Gambar 2. Morfologi ikan pari Dasyatis longa
Tampak ventral (kiri) dan dorsal (kanan)
(Sumber: discoverlife.org)


Ikan pari memiliki celah insang, mulut, anus, serta klasper yang terletak disisi ventral kepala. Bentuk ekor seperti cambuk pada beberapa spesies dengan sebuah atau lebih duri tajam di bagian ventral dan dorsal. Ekor ikan pari pada beberapa spesies dilengkapi duri penyengat yang mengandung racun sehingga disebut stingrays. Mata ikan pari umumnya terletak pada kepala bagian samping. Posisi dan bentuk mulutnya terminal. Alat pernapasan berupa celah insang (gill openings atau gill slits), berjumlah 5-6 pasang. Posisi celah insang berada di dekat mulut pada bagian ventral.
Ukuran ikan pari dewasa bervariasi. Ikan pari yang berukuran relatif kecil memiliki panjang 10 cm dan lebar 5 cm.  Ikan pari terbesar, dikenal juga pari manta, berukuran panjang  700 cm, lebar 610 cm, dan berat 1-3 ton (Bond 1979).

 
Gambar 3. Ikan pari raksasa (Manta birostris)
(Sumber: Wikipedia.org)



2.     EKOLOGI Dasyatis sp.

Ikan pari (famili Dasyatidae) mempunyai variasi habitat yang sangat luas dengan pola sebaran yang unik.
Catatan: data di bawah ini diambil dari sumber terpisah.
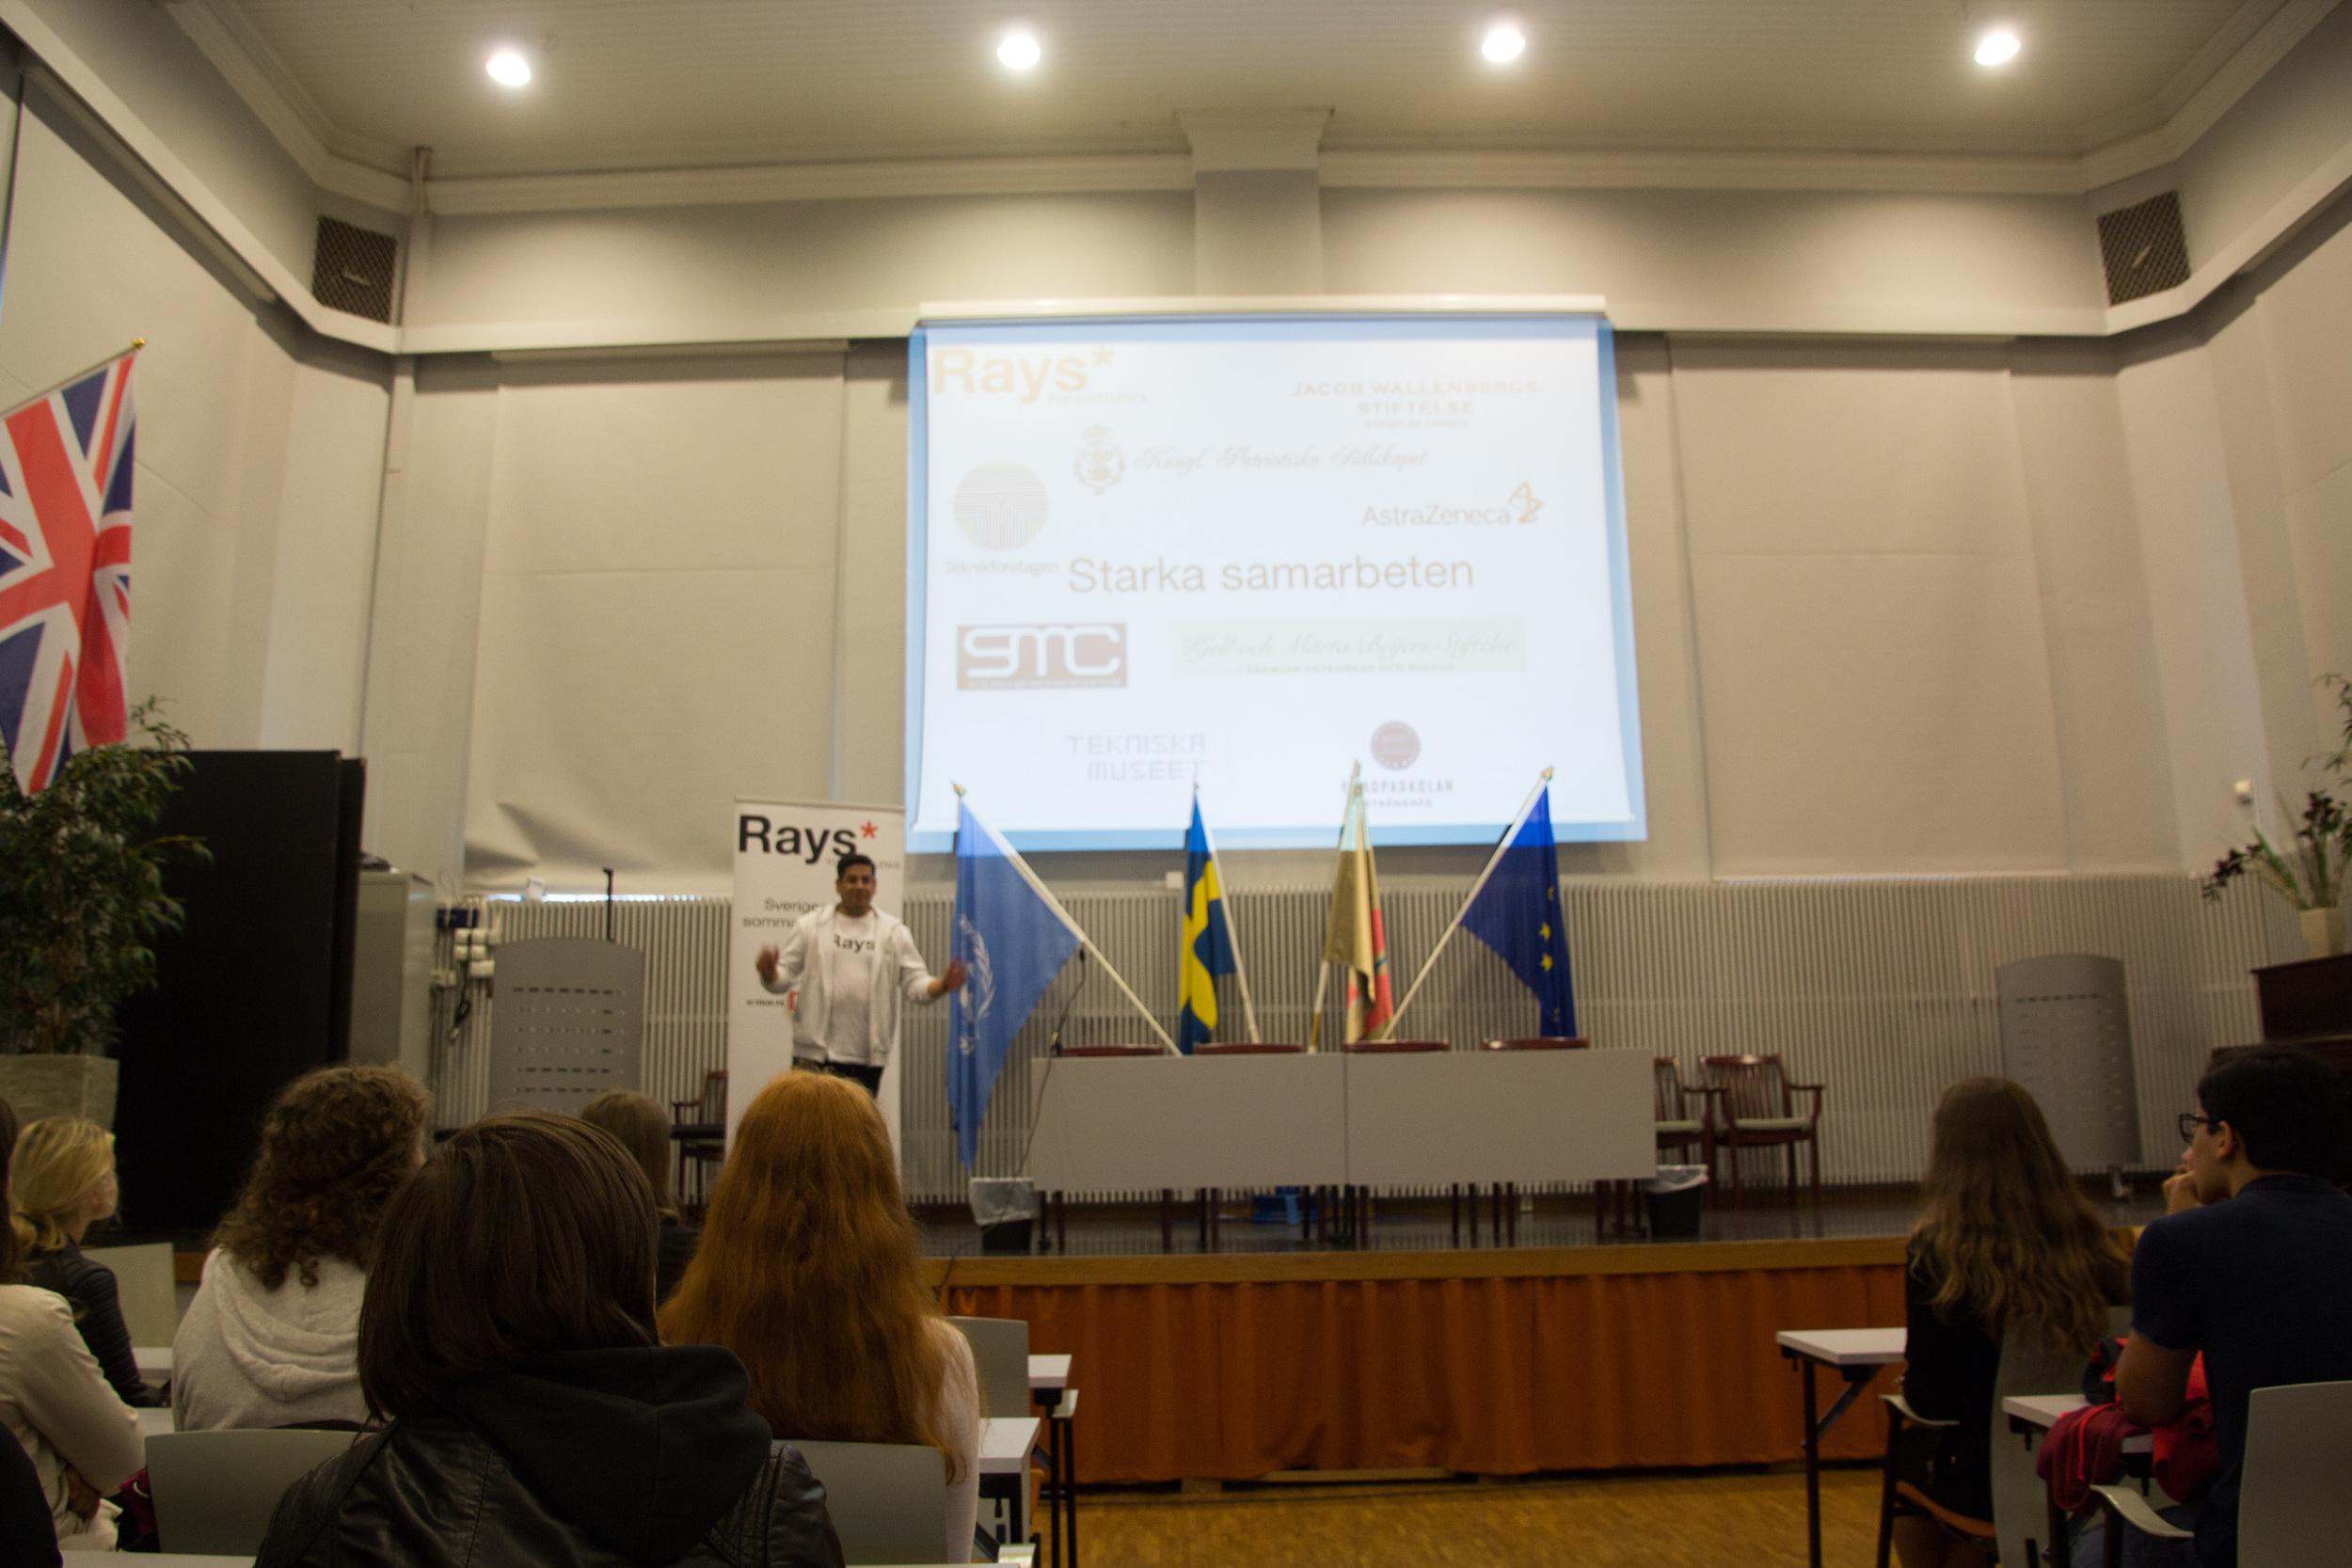 Serhat poängterar vikten av starka samarbeten.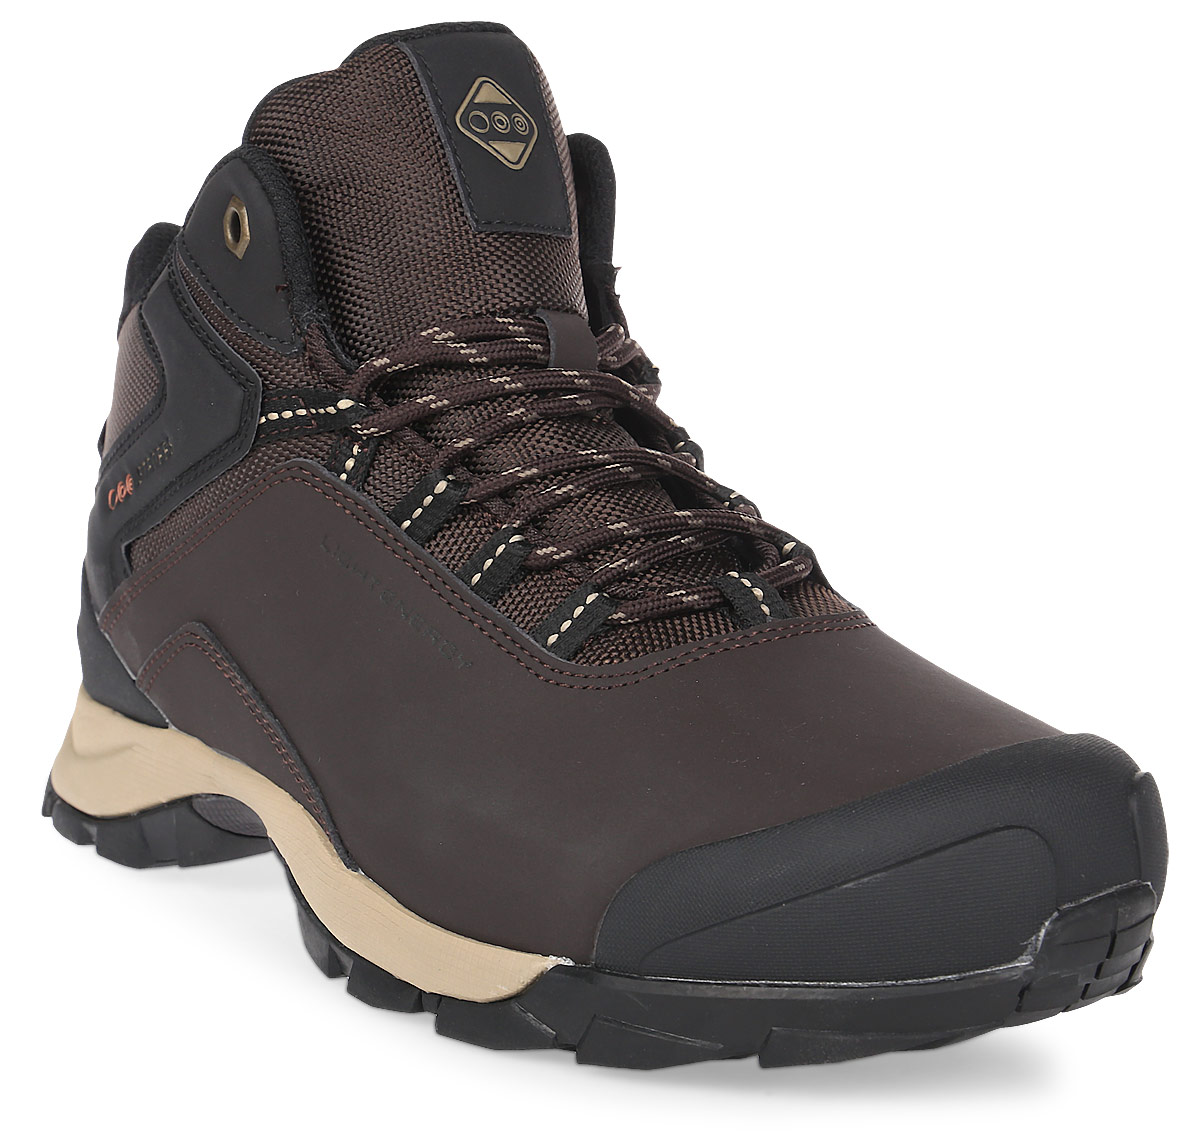 Купить Ботинки мужские Strobbs, цвет: темно-коричневый. C9095-17. Размер 42

Daerah sebaran ikan pari adalah perairan pantai dan kadang masuk ke daerah pasang surut.  Dasyatis sp. banyak ditemukan pada habitat dasar di perairan pesisir (Schwartz 2007).  Habitat ikan pari ini berada di dasar perairan berlumpur, lumpur berpasir, tanah keras, bahkan yang berbatu atau koral.
 Dasyatis pastinaca merupakan salah satu contoh ikan pari yang hidup di perairan dengan substrat lumpur atau pasir dan kadang-kadang memasuki periran dengan substrat batu karang atau ke daerah estuari. Beberapa jenis ikan pari tidak hidup di dasar perairan, melainkan di zona epipelagis, misalnya dari genus Manta. Dasyatis longa memiliki habitat di daerah estuari dengan dasar lumpur atau pasir  minimal pada kedalaman 100 m dibawah permukaan air laut (Garcia et al. 2012).
Perubahan ontogeni juga berpengaruh terhadap habitat Dasyatis sp.  Garcia et al. (2012) menjelaskan bahwa pada saat juvenile, Dasyatis longa akan hidup di habitat dasar berlumpur, ketika dewasa beralih ke dasar dengan substrat berbatu-batu. Jerez et al. (2011) mengungkapkan bahwa D. centroura dan D. pastinaca  banyak ditemukan di sekitar area budidaya ikan di pesisir.
Beberapa speseis Dasyatis umumnya akan memasuki air tawar di area Amerika utara bagian tenggara walaupun tidak sampai menembus ke hulu (Berra 2001).  D. sabina atau yang lebih dikenal dengan sebutan Atlantic stingrays mampu mentolerir variasi salinitas dan dapat masuk ke air tawar. Hal ini telah dilaporkan berdasarkan penelitian di sungai Missisipi, danau Pontchartrain, dan sungai St. Johns. Spesies ini umumnya memiliki habitat di pesisir dangkal dengan dasar berpasir atau berlumpur. Menyukai suhu perairan 15°C dan dapat mentolelir hingga suhu 30°C.
Beberapa Dasyatis tropis hanya ditemukan di perairan tawar Asia, Afrika, Papua New Guinea, dan Australia. Selain itu terdapat pula D. garouaensis yang merupakan pari endemik dari perairan tawar Afrika, D. ukpam  dari persilangan sungai di Nigeria (sungai Ogowe dan sungai Congo), serta D. laosensis spesies endemik dari sungai Mekong, perbatasan antara Laos dan Thailand.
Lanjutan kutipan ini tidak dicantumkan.